Baroness Young herself made her position perfectly clear in her uncompromising contribution to the House of Lords debate:

I believe that there is not a moral equivalence between heterosexual and homosexual relationships. I believe that we need to set in front of children an ideal by which they should live.

In supporting repeal, Lord Alli, the only openly gay peer, was equally forthright:

This is indeed a debate about morality. For me it is about the morality of hate. I believe that that hate exists because we teach our children to hate. Repeal of Section 28 would be a true test of our moral courage.

It cannot be stated too often that the debate about Section 28 has never been about ‘promoting’ any kind of sexuality over another, at least from the reformers’ point of view. The idea that gay and lesbian teachers were seriously concerned to ‘promote’ homosexuality over and above any other sexual orientation was always a myth perpetuated by Tory ministers and a number of irresponsible right-wing newspapers. What many teachers would like to feel free to ‘promote’ is the acceptability not the superiority of the homosexual lifestyle (though the use of this term is itself problematic since it implies something ‘chosen’, like a fashion accessory).

The issues at stake were neatly summarised in a finely-crafted Observer editorial at the end of January:

Teachers have no wish to be in the business of ‘promoting’ any kind of sexuality, or family structure, over another. Section 28 was never about ‘promotion’ in this sense – it was all about stopping teachers from even talking about same-sex relationships as real, and serious, parts of the world for which children were being prepared. The reason for ditching Section 28 is to allow children to be taught about the real world, a world in which moral values such as commitment, fidelity, care and responsibility are more important than ever, but are not attached exclusively to the marriage contract (The Observer, 30 January 2000).

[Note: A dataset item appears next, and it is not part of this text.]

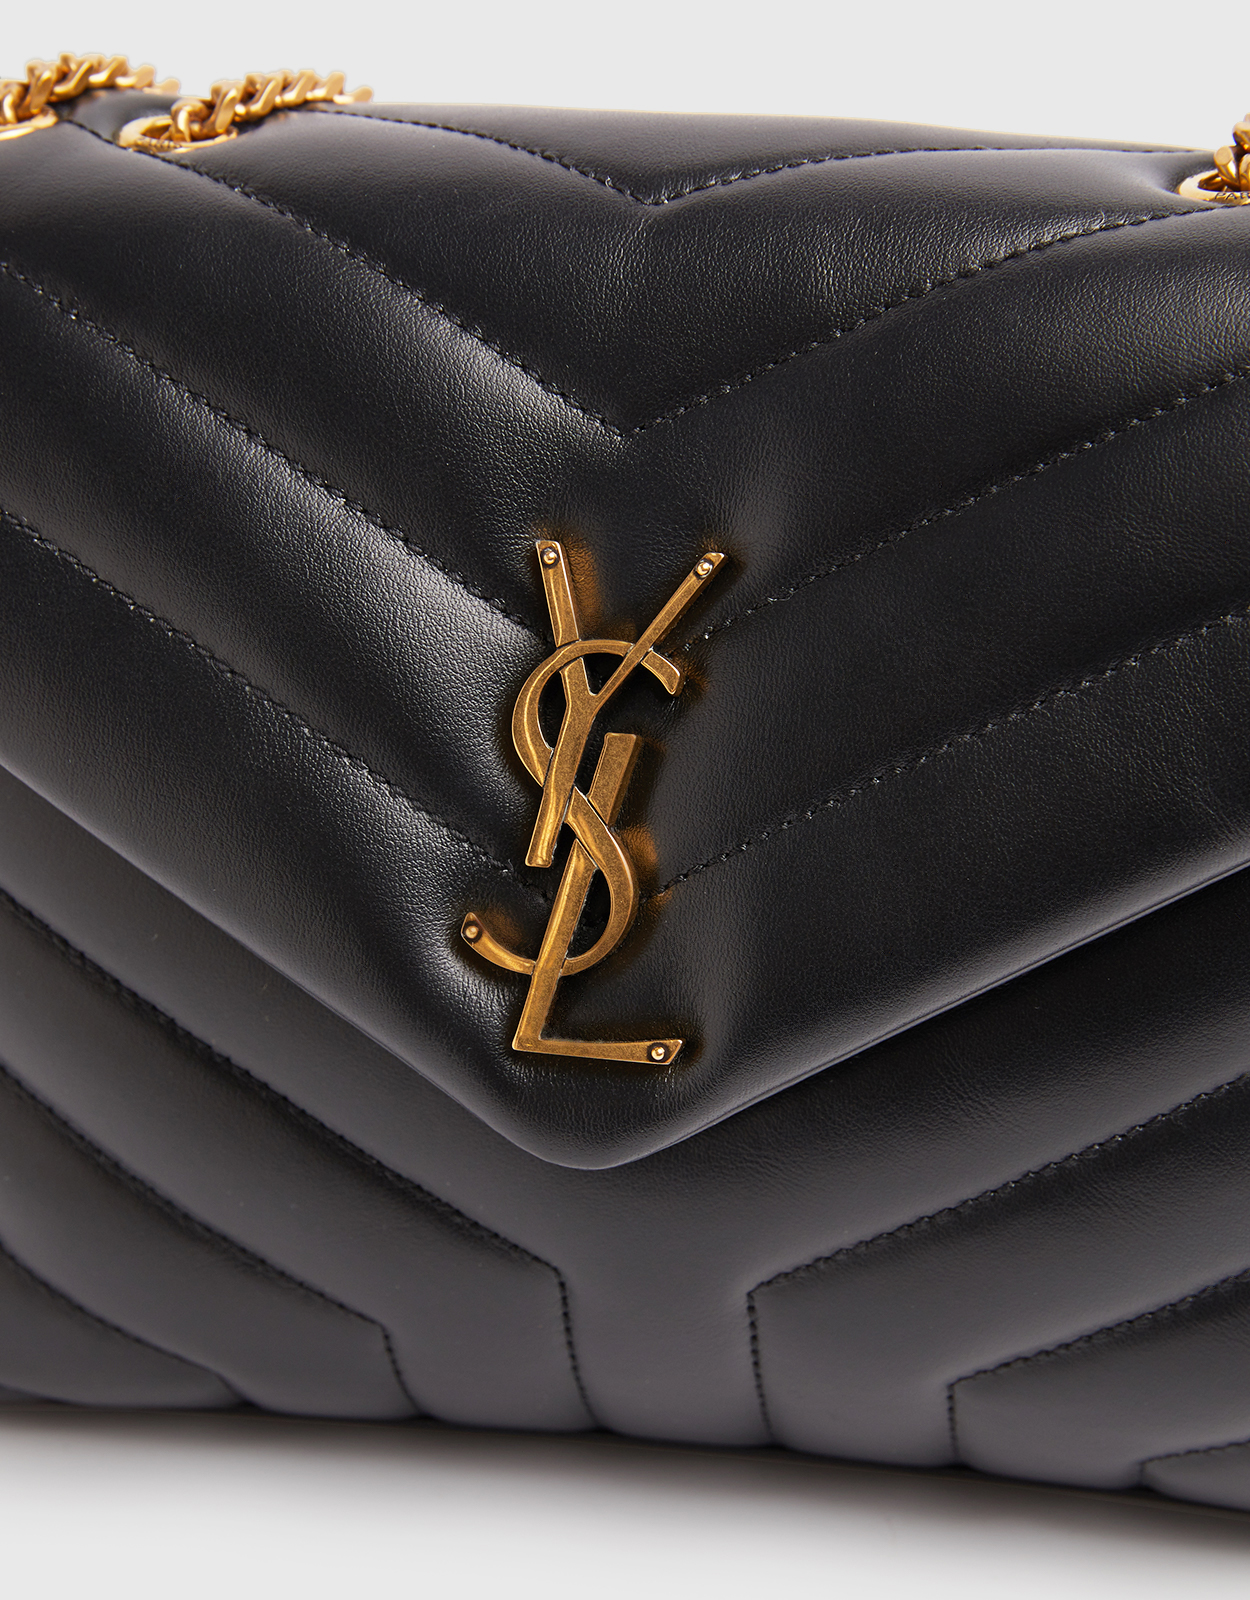 FIRST IMPRESSION OF YSL MINI LOULOU/ WHAT FITS/ MINI LOULOU VS TOY LOULOU 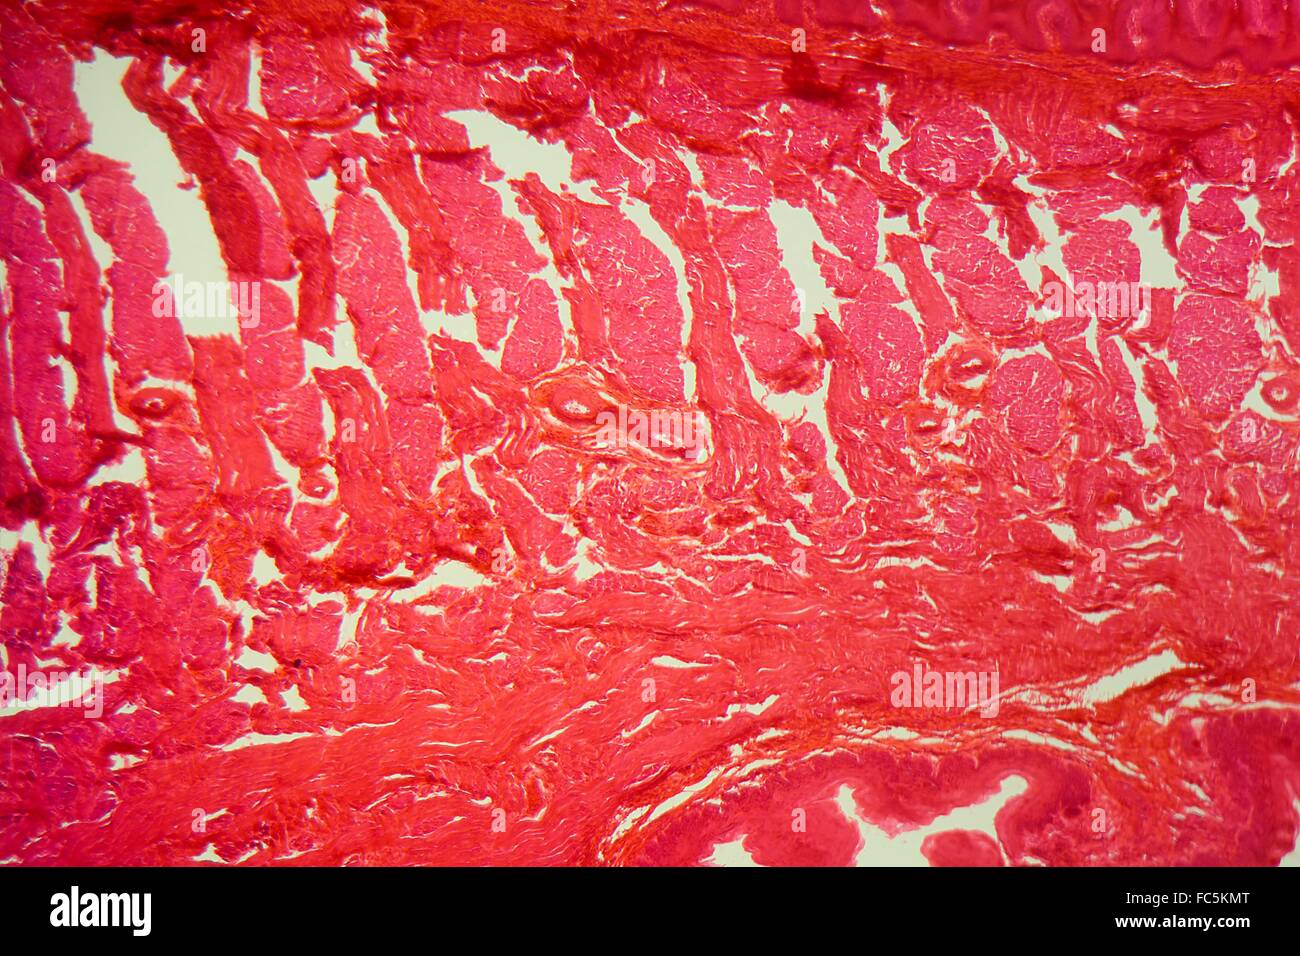 Muscels of a tongue under the microscope Stock Photo

We are told that teachers will be instructed that they have no role in promoting any sexual orientation, as part of the new guidelines for sex and relationship classes to be published at Easter. But in an apparent contradiction, teachers will be warned not to pass judgement on individual sexuality, while at the same time emphasising marriage and the value of family life. The Government is apparently into the ‘promotion’ business itself.